Выпили, закусили, и Василий вспомнил, как судьба его заставила потрудиться охранником на нудистском кладбище.

- Врёшь! Ну, признайся, что сейчас врёшь!- не выдержав, сказал Костас.

- Ты меня сначала послушай, а потом будешь лгуном называть. Я и сам сначала опешил. Газета "Ищу работу", раздел "Охрана". Чёрным по белому: "Охранник на нудистское кладбище. Режим работы сутки-трое. Зарплата по договорённости". Главное, режимом работы они меня подкупили. Сейчас ведь не найдёшь сутки-трое. Все сутки-двое или два-четыре. А это ад кромешный. Я даже и внимания не заострил на названии "нудистское". То есть какое-то мгновение, конечно, подумал, что там только голых хоронят, но сразу же и забыл. Решил, что местность так называется. Как например, станция "Тайнинская" с Ярославского вокзала. Это же не означает, что все те, кто на этой станции выходят, тайной обладают. В-общем, поехал. В первый раз серьезно задумался о том, во что ты отказываешься верить, когда в посёлке, прилегающем к кладбищу, мне навстречу попались молодые мамы с детскими колясочками. Идут совершенно голые. Ну, думаю, жара, лето. Нравы теперь у всех свободные. Оказалось, могильщицы зимнего периода. Летом-то гробы голые мужики на плечах таскают, а зимой - голые бабы.

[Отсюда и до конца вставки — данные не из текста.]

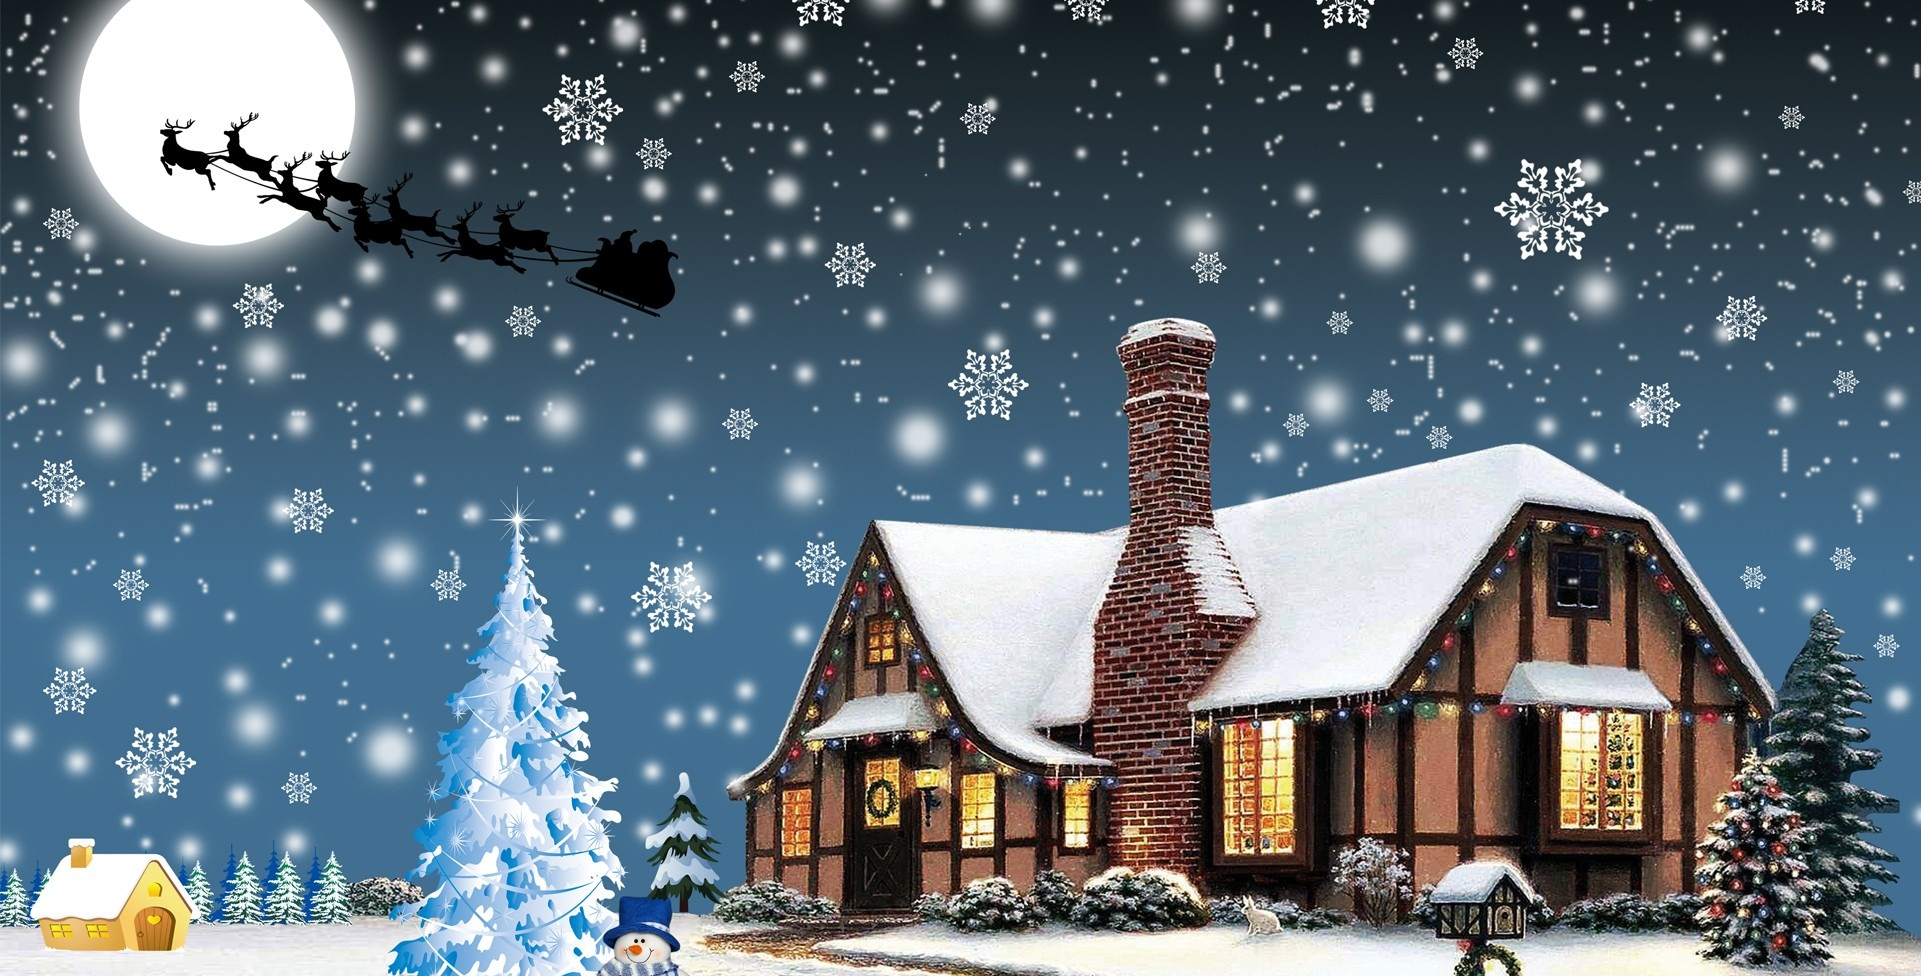 Chính Phủ Canada Chào Mừng Lễ Giáng Sinh

- Почему? - смирился режиссёр.

- Ну, представь, несут мужики гроб в мороз и у них при этом бубенчики звенят. Это уже больше на свадьбу смахивает, чем на похороны. "Птица-тройка, кто тебя выдумал?". А эти могильщицы приходили потом ко мне в сторожку, от дождя прятались. Говорят: "Выключи свет, а то молния всех нас убьёт". А я с женой хорошо тогда жил. Нарочно включил свет повсюду, и они ушли. Но я отвлёкся. Да, обычное кладбище, но частное. Принадлежало богатому нудисту, и он хоронил на нём одних только адамитов.

- Содомитов?

- Нет. Нудистов. Они себя называют еще натуристами и адамитами. Секта такая. Поклоняются первому человеку - Адаму, с него пример берут, ходят голыми. Так вот, что тебе, как кинорежиссёру будет интересно, всех хоронили в стеклянных гробах. Заливали покойного жидким прозрачным пластиком, и он сохранялся, как жук в янтаре.

- Поражаюсь тебе.

- Я сам рассказываю и поражаюсь. А ведь работал, привык и воспринимал всё, как должное. А потом главу района, того, кто разрешил весь этот разврат, на взятке поймали и добрались до этого сектантства. И всё кладбище бульдозерами в Клязьму. А с тех, кто на нём работал, взяли подписку о неразглашении.

- Чего же ты болтаешь?

- Я подписку не давал. Меня к тому времени за пьянку уволили.

- Теперь верю, - добродушно смеясь, сказал Трипостопулос, понимая, что Василия ему не поймать, не уличить.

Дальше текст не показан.